El Programa Mundial de Alimentos de la ONU advirtió el miércoles del agotamiento “muy pronto de los suministros de comida y necesidades básicas”. Según Naciones Unidas, más de 180.000 habitantes de Gaza han perdido sus casas. Vagan por las calles, porque lo consideran menos peligroso que quedarse en los edificios, o están principalmente en escuelas de la agencia de la ONU para los refugiados palestinos (UNRWA). La destrucción afecta a 20.000 viviendas y 10 centros médicos, según datos del Ministerio palestino de Exteriores. Hay, además, 48 escuelas dañadas.
Uno de esos edificios es el Centro Palestino para el Diálogo Cultural y el Desarrollo, cuya sede está en ruinas desde el martes, señala su director, Wajeeh Abu Zarife. “Hay bombardeos por todos los lados. Ahora mismo ninguno en Gaza sentimos que estemos en un lugar seguro. Ni en casa, ni en la calle, ni en los hospitales, ni siquiera en las escuelas de la UNRWA. La gente va corriendo de un lado para otro”. A Abu Zarife lo que le preocupa, sin embargo, no son estos días, sino lo que viene: “Que ni sabemos lo que es, ni vemos esfuerzos para detenerlo”.
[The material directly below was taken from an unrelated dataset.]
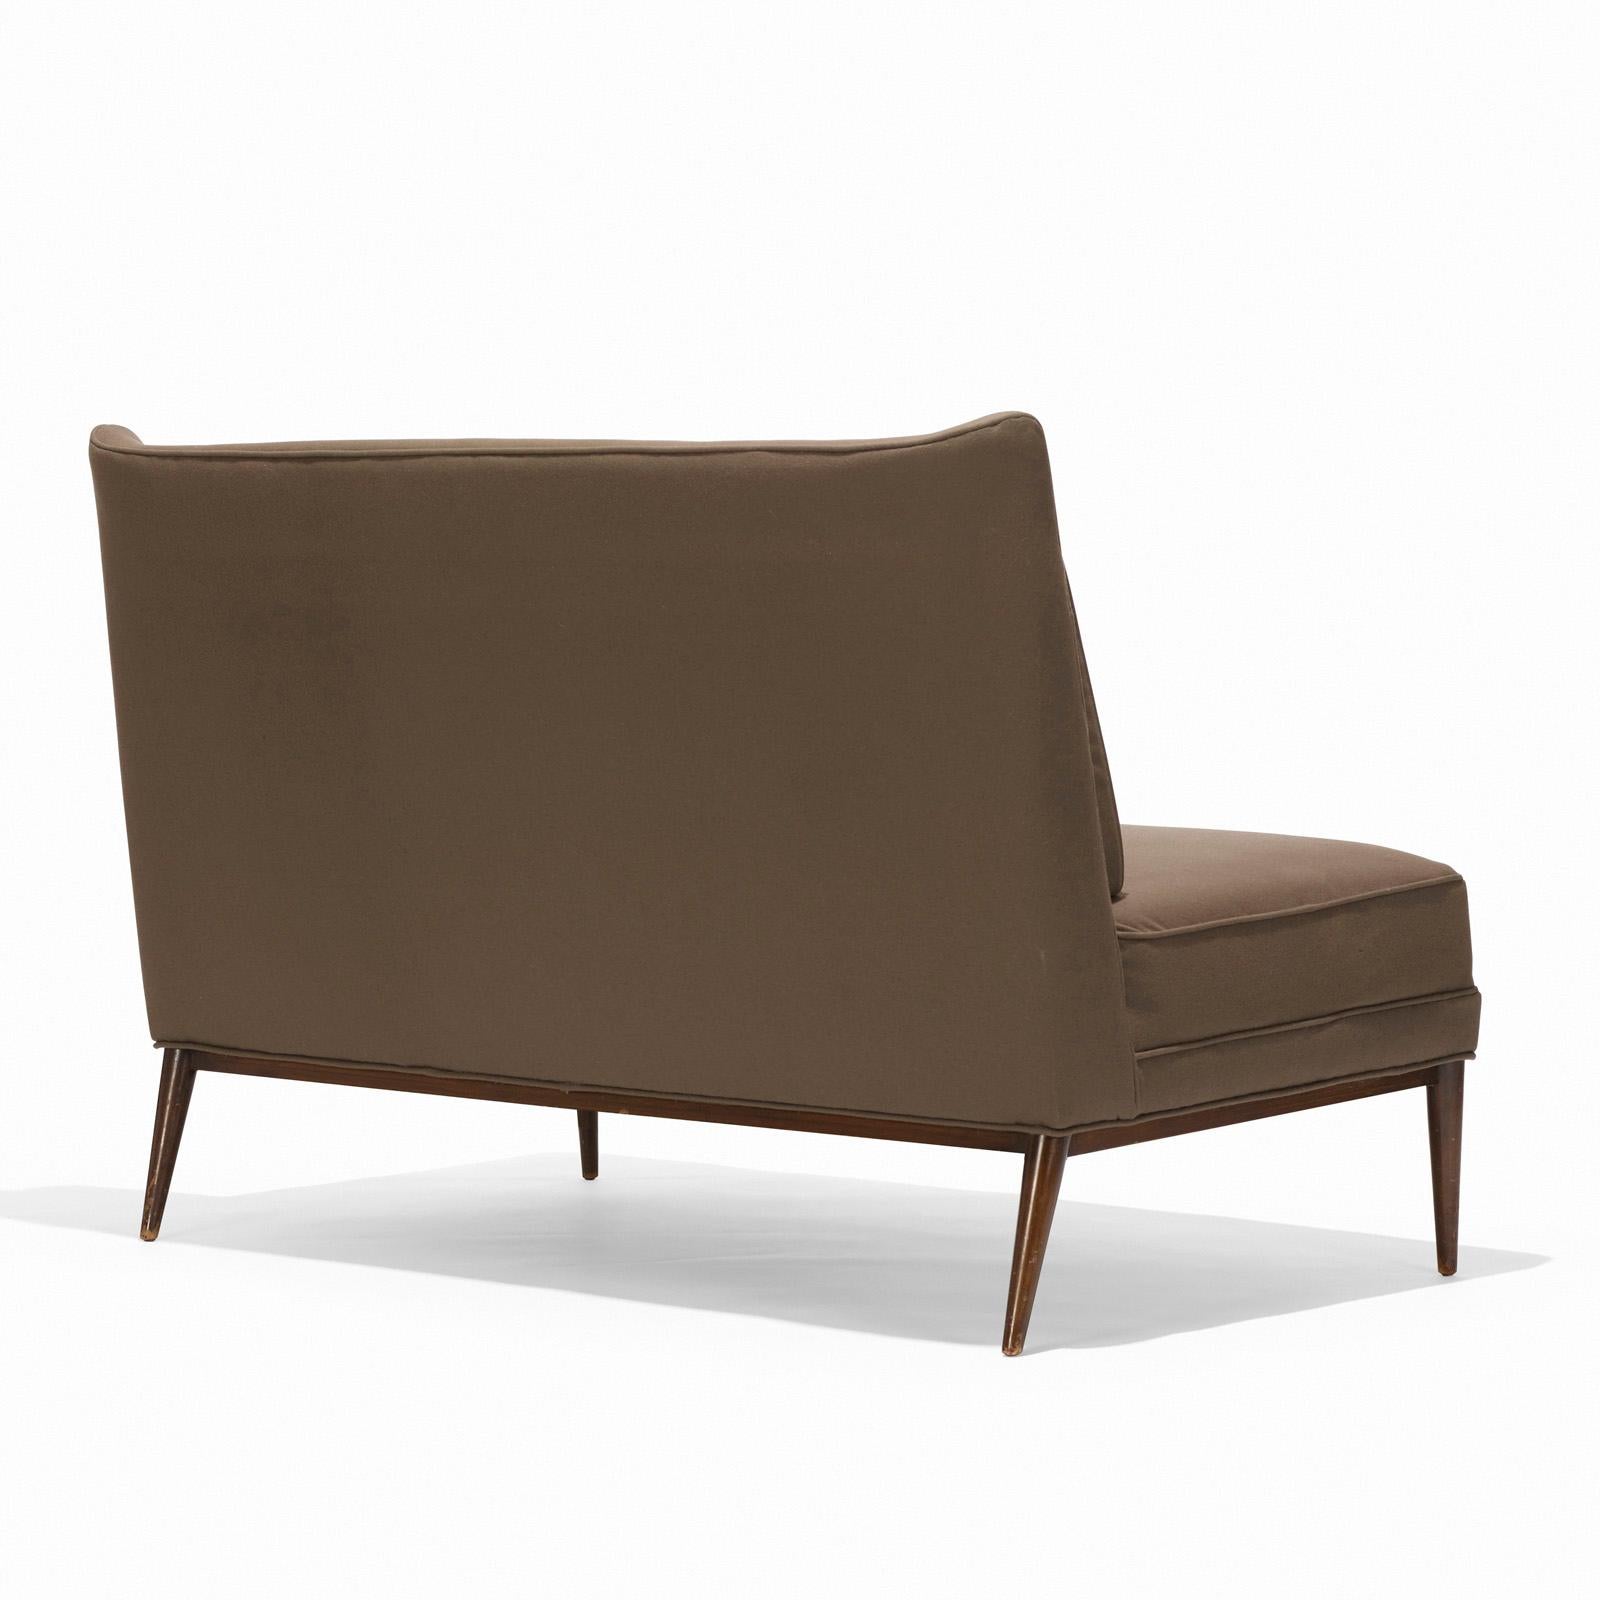 Geschwungenes Sofa mit geflügelter Rückenlehne, entworfen von Paul McCobb für Directional, amerikanisch, ca. 1950er Jahre. Dieses Sofa wird derzeit aufgearbeitet und neu gepolstert und kann in einer Farbe Ihrer Wahl fertiggestellt und mit einem
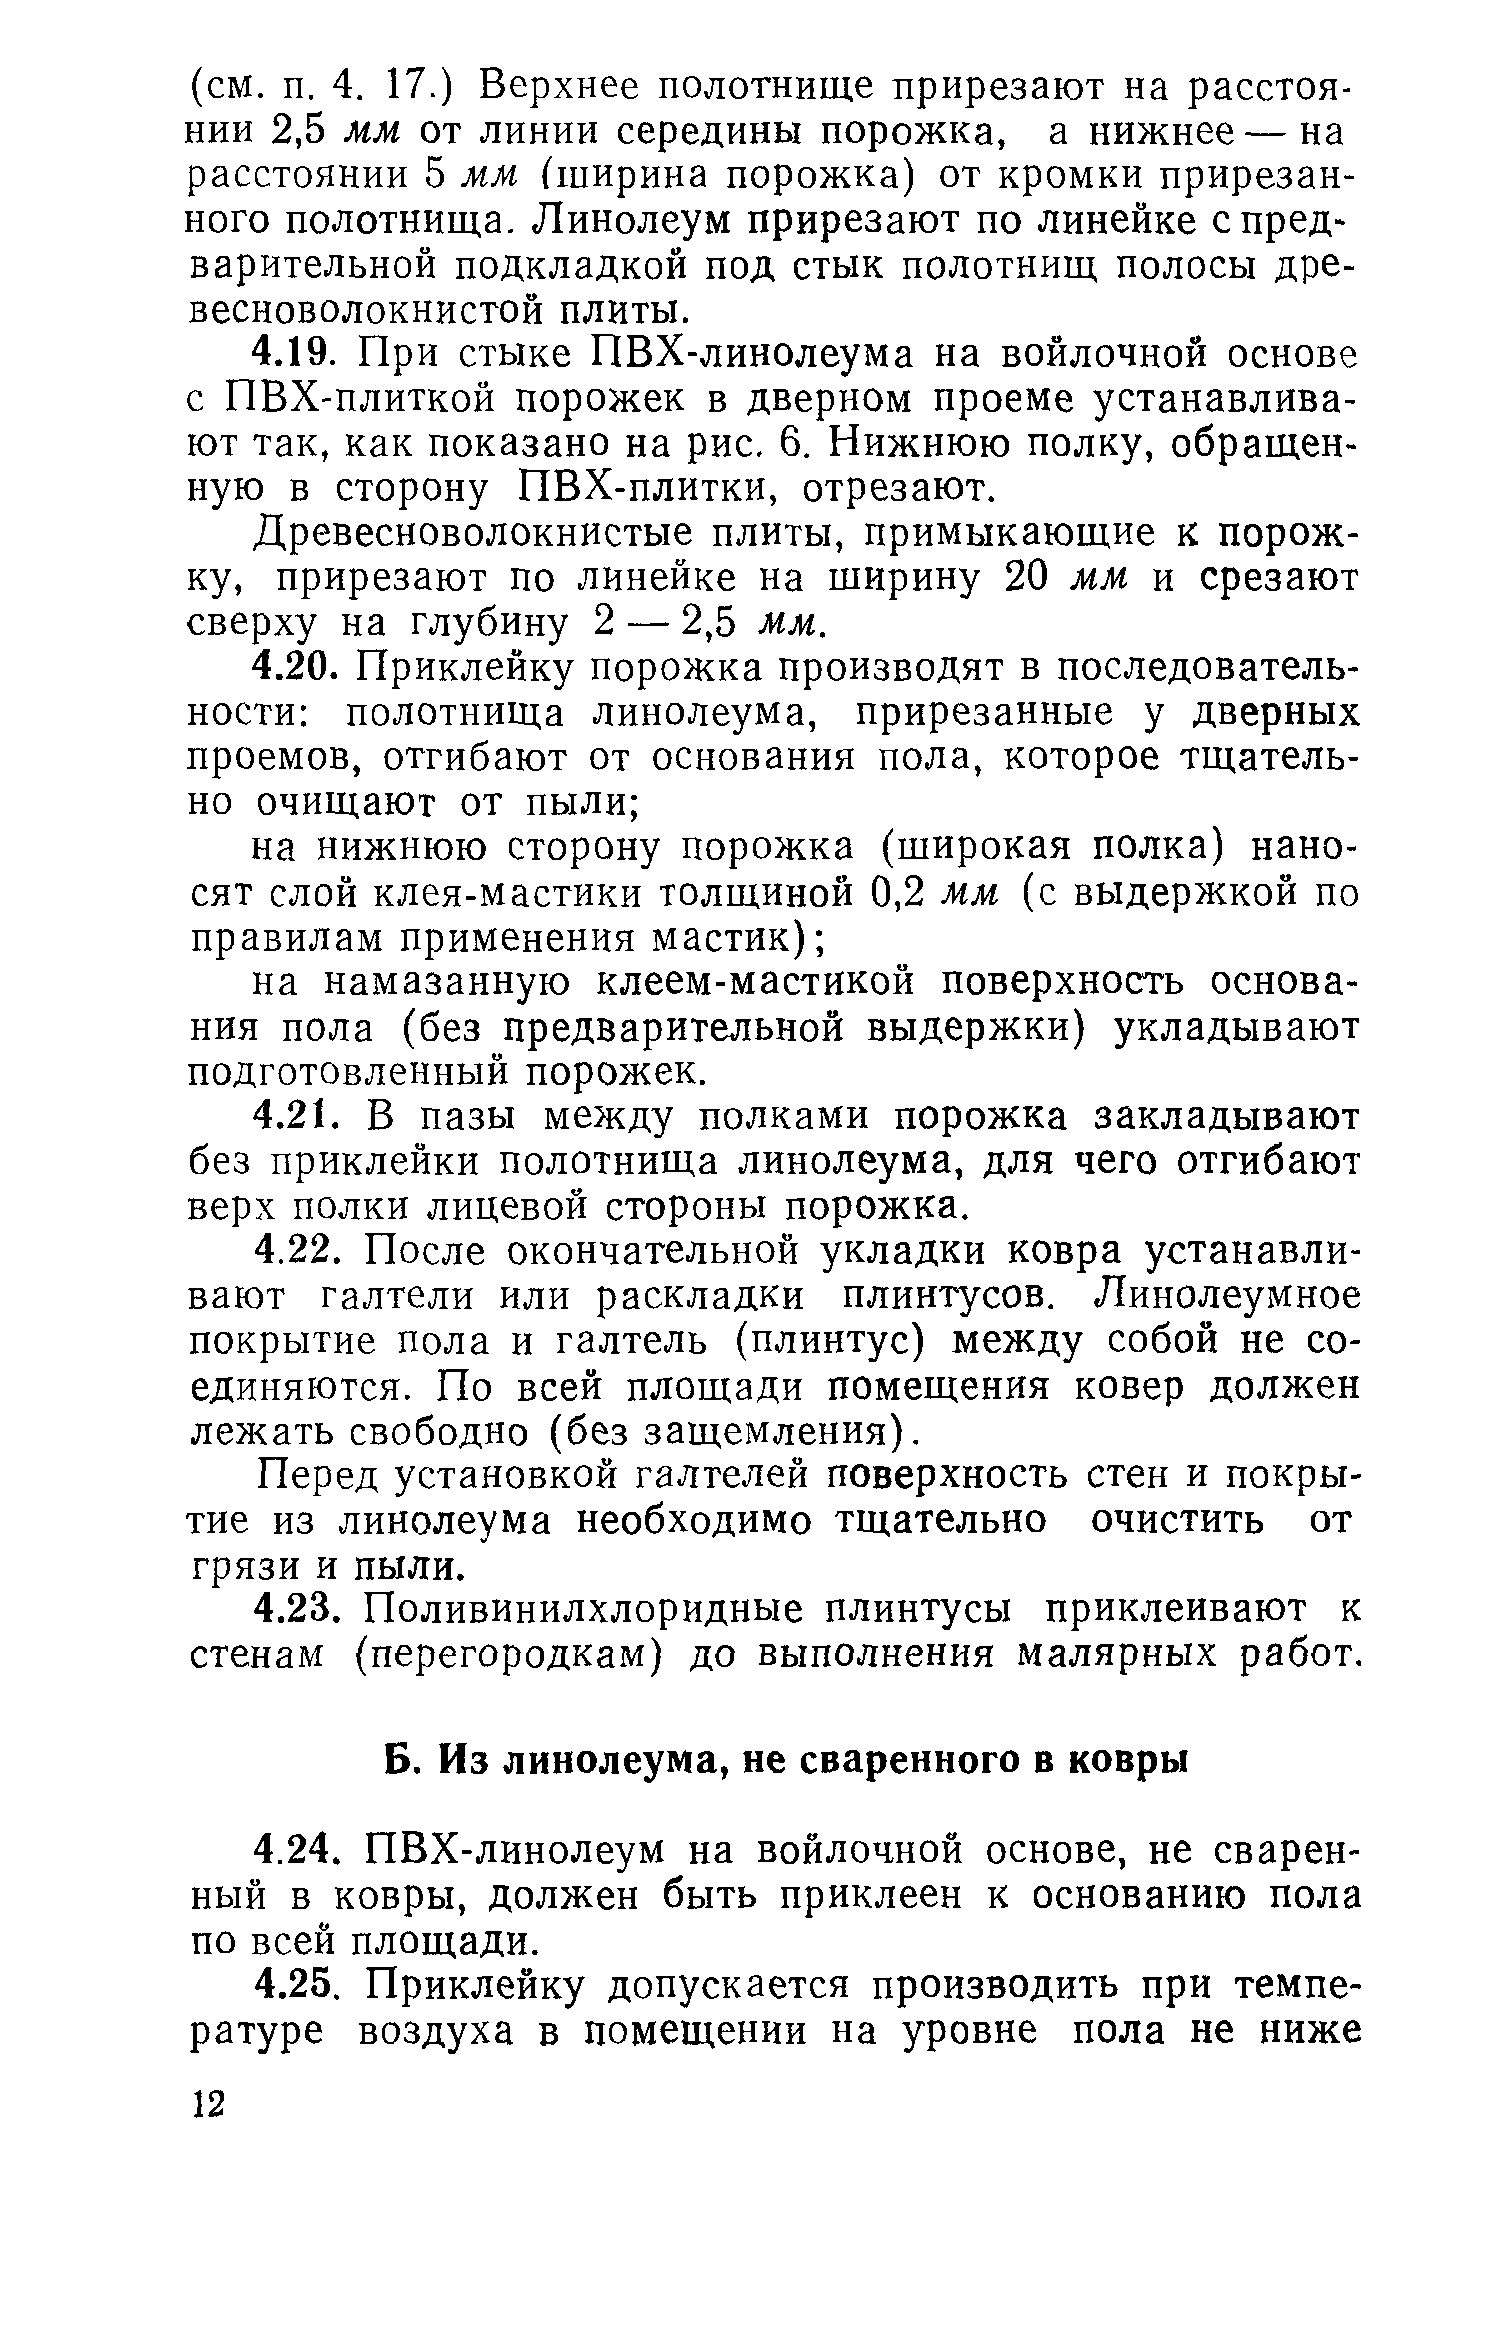 ВСН 4-71/Госгражданстрой

Es la “fuerte venganza” ―en palabras de Netanyahu― en la que las Fuerzas Armadas israelíes han lanzado ya “cientos de toneladas de bombas”, con “énfasis en el daño, no en la precisión”, según su portavoz, Daniel Hagari. Desde el sábado, responsables políticos y militares israelíes vienen subrayando el enfoque y magnitud de la ofensiva, que previsiblemente incluirá una invasión terrestre. “En la guerra, hay que ser brutal”, ha dicho el ministro de Finanzas, el ultraderechista Bezalel Smotrich, al defender “un golpe no visto en 50 años [la Guerra del Yom Kippur] que acabe con Gaza” y con bombardeos “brutales que no tengan significativamente en consideración el asunto de los cautivos”, en referencia a los al menos 130 israelíes en la Franja, secuestrados durante el ataque. “Vamos a cambiar Oriente Próximo”, ha resumido Netanyahu.
Si para la joven Muhaisen esta es su peor guerra, para el español Raúl Incertis es la primera de este calibre. Es anestesista y llegó a la Franja hace apenas 11 días para una misión de cirugía ortopédica y reconstructiva de la ONG Médicos sin Fronteras. Está reubicado con otras decenas de trabajadores humanitarios y de organizaciones internacionales en un sótano de un edificio de la ONU que le parece “el paraíso en la tierra”, en comparación con sus dos primeros días en un edificio sin sótano, en una realidad más parecida a la de los locales. Allí, él y sus ocho compañeros de la ONG pasaron la noche del lunes “agazapados en el suelo” de la planta baja, escuchando proyectiles cada pocos minutos. “Bombardearon una mezquita a unos 150 metros. Se rompieron los cristales de la casa. Pero la peor experiencia de mi vida fue escuchar cómo empezaban entonces a llorar de miedo los niños en una casa al lado”, afirma.
Cuando la adolescente Shahd Raed Al Wahidi se excusa porque lleva tres días casi sin conexión, siente la necesidad de añadir una frase tranquilizadora: “Estamos vivos”.